Greenhouse temperatures should be 65-77F (18-25C), with 70-85% relative humidity. Aphid parasitoids must be applied preventively to suppress aphid populations. They are less effective when aphid populations are high and already causing plant damage. Release parasitoids on a regular basis to sustain their populations during the growing season. Remove yellow sticky cards before releasing parasitoids, as sticky cards attract and capture parasitoids. When scouting, look for aphid mummies that have circular holes on one end. These are the exit holes created by adult parasitoids during emergence. Aphid parasitoids are sensitive to pest control materials. For example, direct sprays and one-day old residues of kinoprene (Enstar II®) are harmful to A. colemani . Direct applications of spinosad (Conserve®) are also toxic to A. colemani.

Release parasitoids preventively on crops you know are susceptible to aphids, so that the parasitoids will be present when aphids are first noticed. Also, identify aphids to species before ordering parasitoids, since parasitoids are selective in the aphid species they attack. For example, release Aphidius colmani for green peach aphid, and Aphidius ervi or Aphelinus abdominalis for foxglove or potato aphid. Some biological control suppliers sell mixtures of parasitoid species, which may be useful when several aphid species are present in the greenhouse simultaneously. Banker plant systems may be useful in controlling aphids and reducing the costs associated with applying pest control materials. Banker plants support colonies of aphids that are not greenhouse crop pests, along with parasitoids. Information on banker plants is available at: (type in banker plant in the search tool for details).
Also see the fact sheet: Aphid Banker Plant System for Greenhouse IPM, Step by Step (from UVM and Biobest).

If aphids are already abundant then you must reduce their numbers before releasing natural enemies. You can reduce aphid populations by applying the pest control material pymetrozine (Endeavor®), which kills insects with piercing-sucking mouthparts, including aphids. Endeavor® has been demonstrated to be compatible with aphid and whitefly parasitoids, and predatory mites used to control thrips and spider mites. Do not attempt to suppress high aphid populations with predators, as this is typically not effective.

Entomopathogenic fungus: The entomopathogenic fungus, Beauveria bassiana, is commercially available for use against aphids. However, because aphids have high reproductive rates and molt rapidly, especially during the summer, repeat applications are typically required. Beauveria bassiana is most effective when aphid populations are low. This fungus may not be compatible with the convergent ladybird beetle (Hippodamia convergens) depending on the concentration of spores applied.
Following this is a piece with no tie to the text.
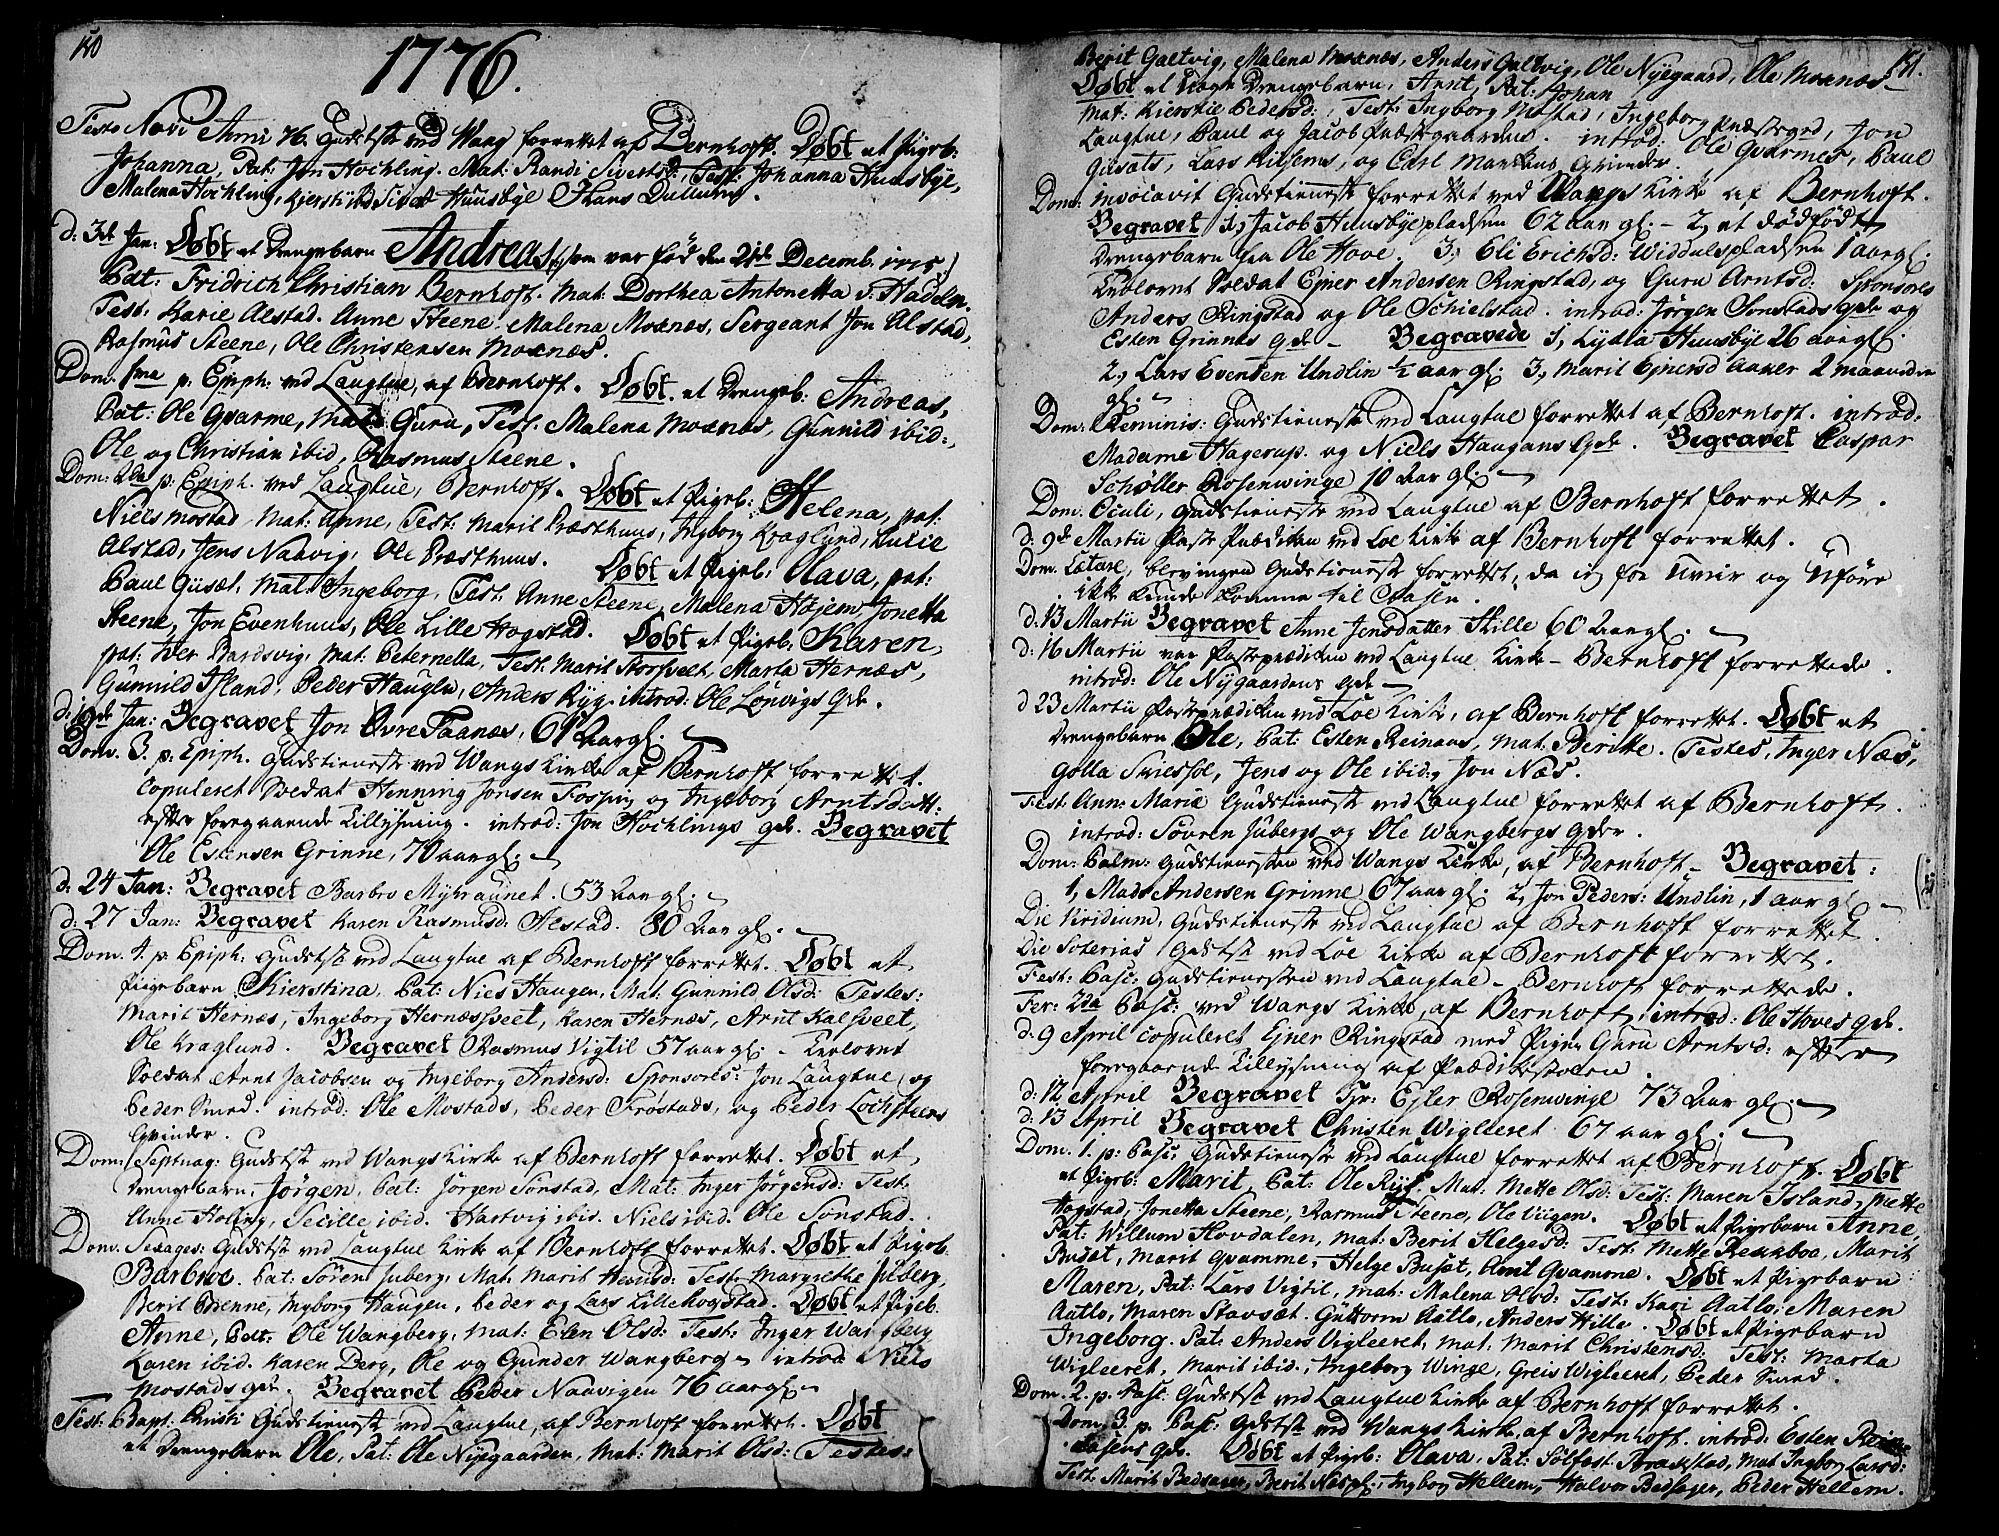 SAT, Ministerialprotokoller, klokkerbøker og fødselsregistre - Nord-Trøndelag, 713/L0109: Ministerialbok nr. 713A01, 1750-1778, s. 150-151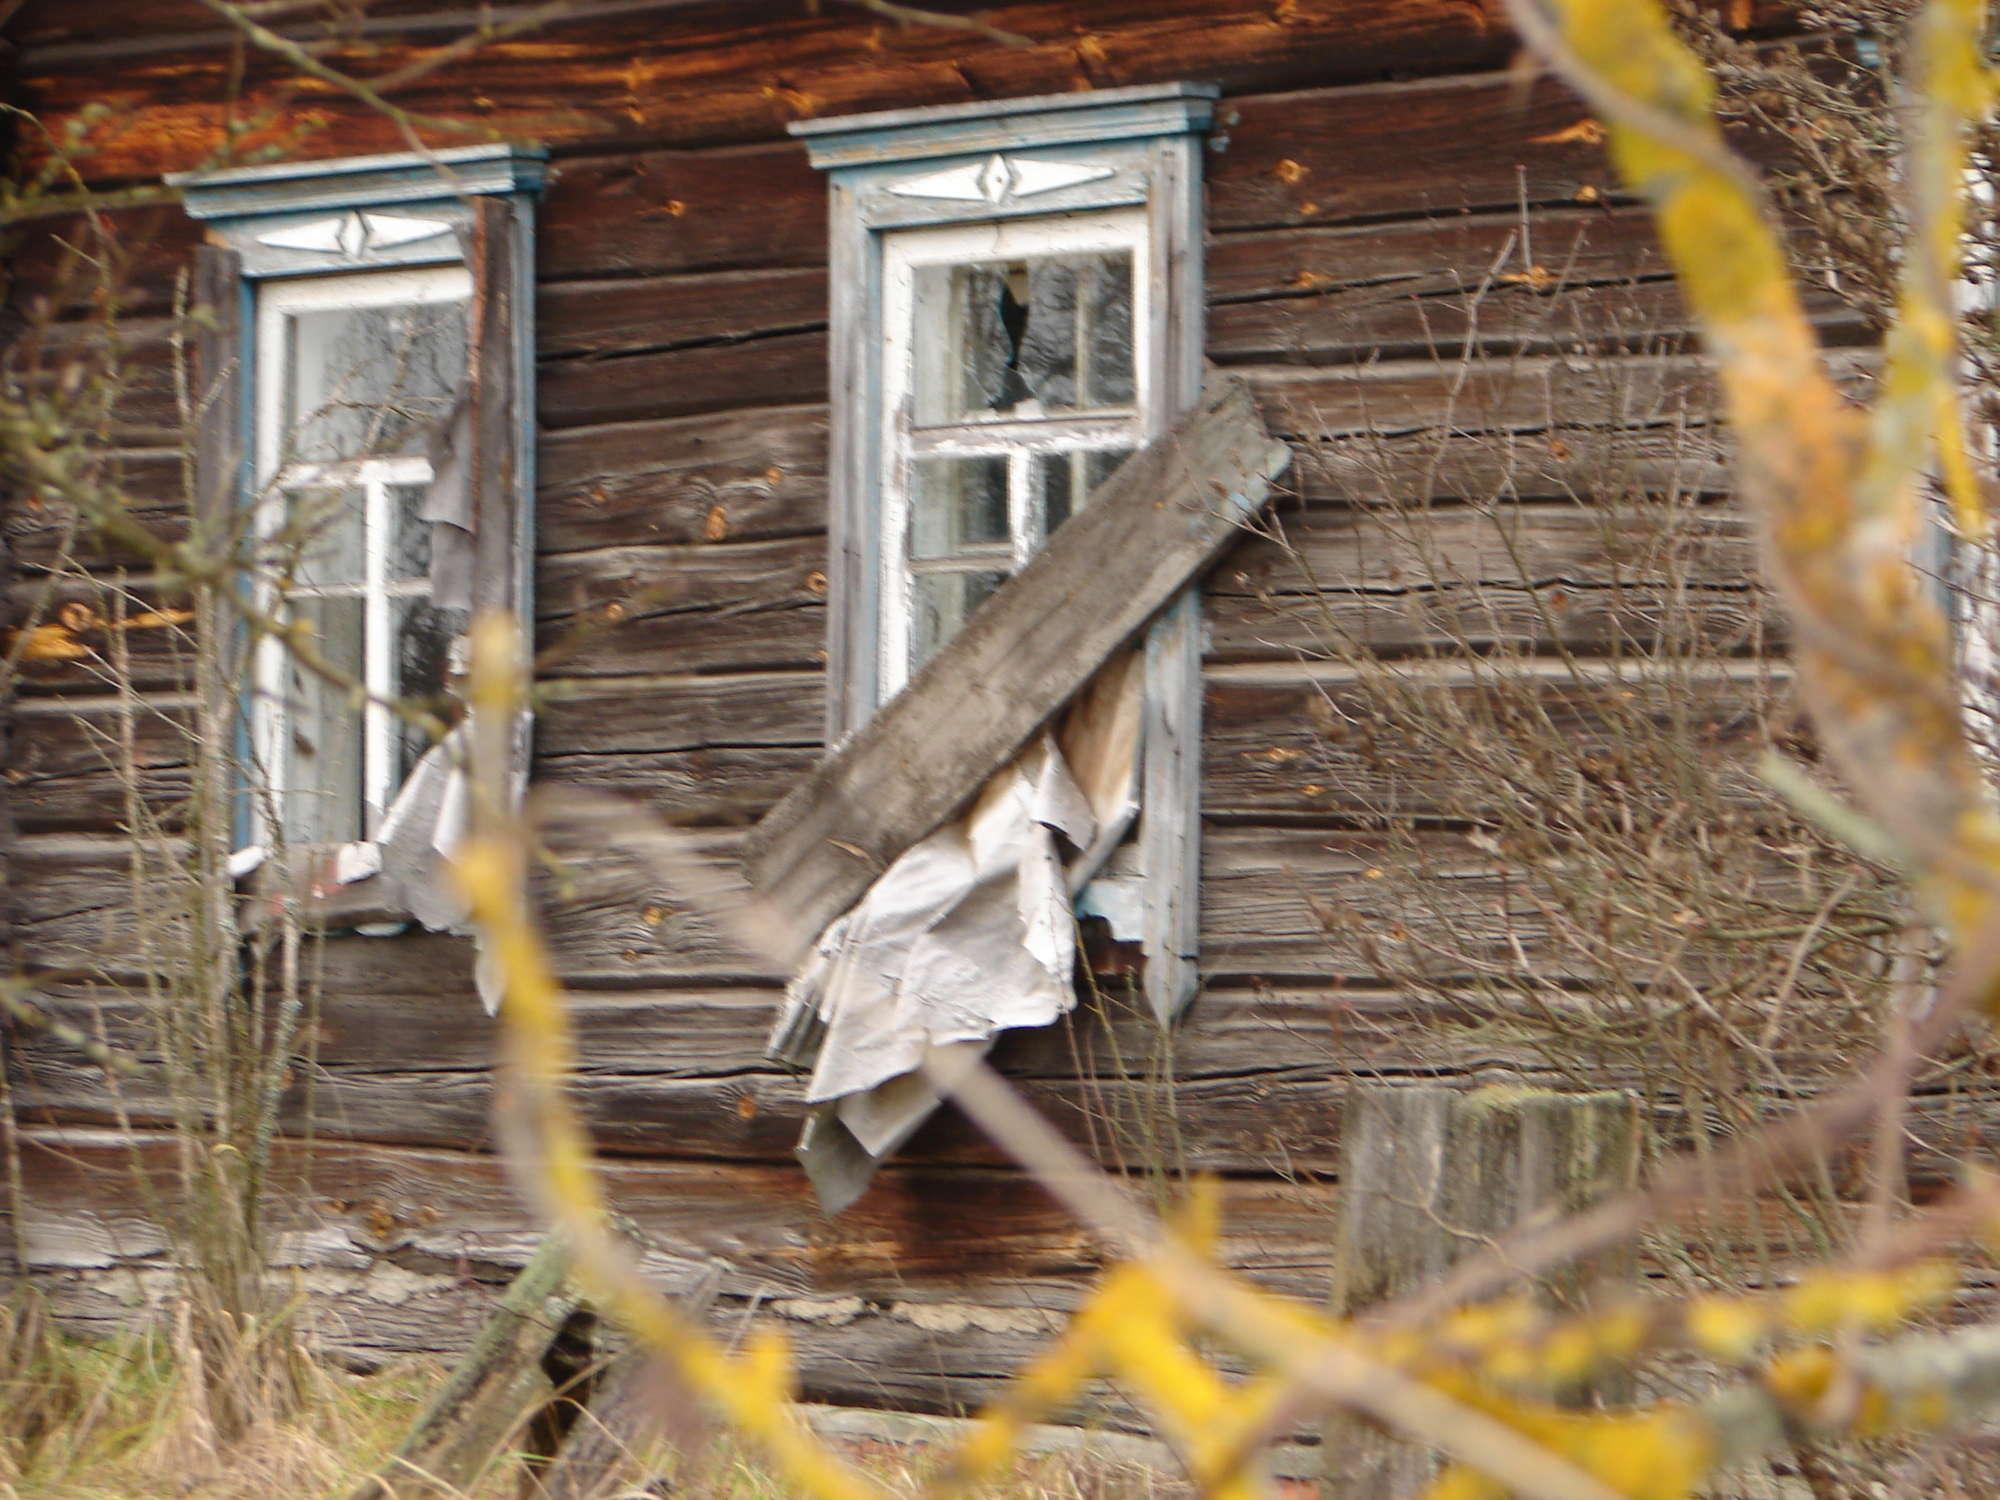 Εγκαταλελειμμένο σπίτι. Φωτο: Tatyana Deryabina

Table 1. Some insecticides registered for aphid control in greenhouses , listed by mode of action group.

*Mode of Action Group
Common Name (Trade Name) Comment
Group 1B
chlorpyrifos (DuraGuard ME) Most greenhouse ornamentals. Microencapsulated, extended release formula. Two sprays at 7-day intervals. Direct spray to some open blooms may cause petal drop.
acephate (Acephate 97 UP, PT1300 Orthene TR, Orthene TT&O WSP,
Orthene TT&O 97)
Most greenhouse ornamentals. Use alone, or combine with a pyrethroid insecticide. See label for plant safety.
Group 3
bifenthrin (Talstar Select, Attain TR, Menace)

Greenhouse ornamentals and interiorscapes. Can be used alone, but seems to work best when combined with other products.

Note: Pyrethrins are not labeled for interiorscapes, but are labeled for herbs and vegetables.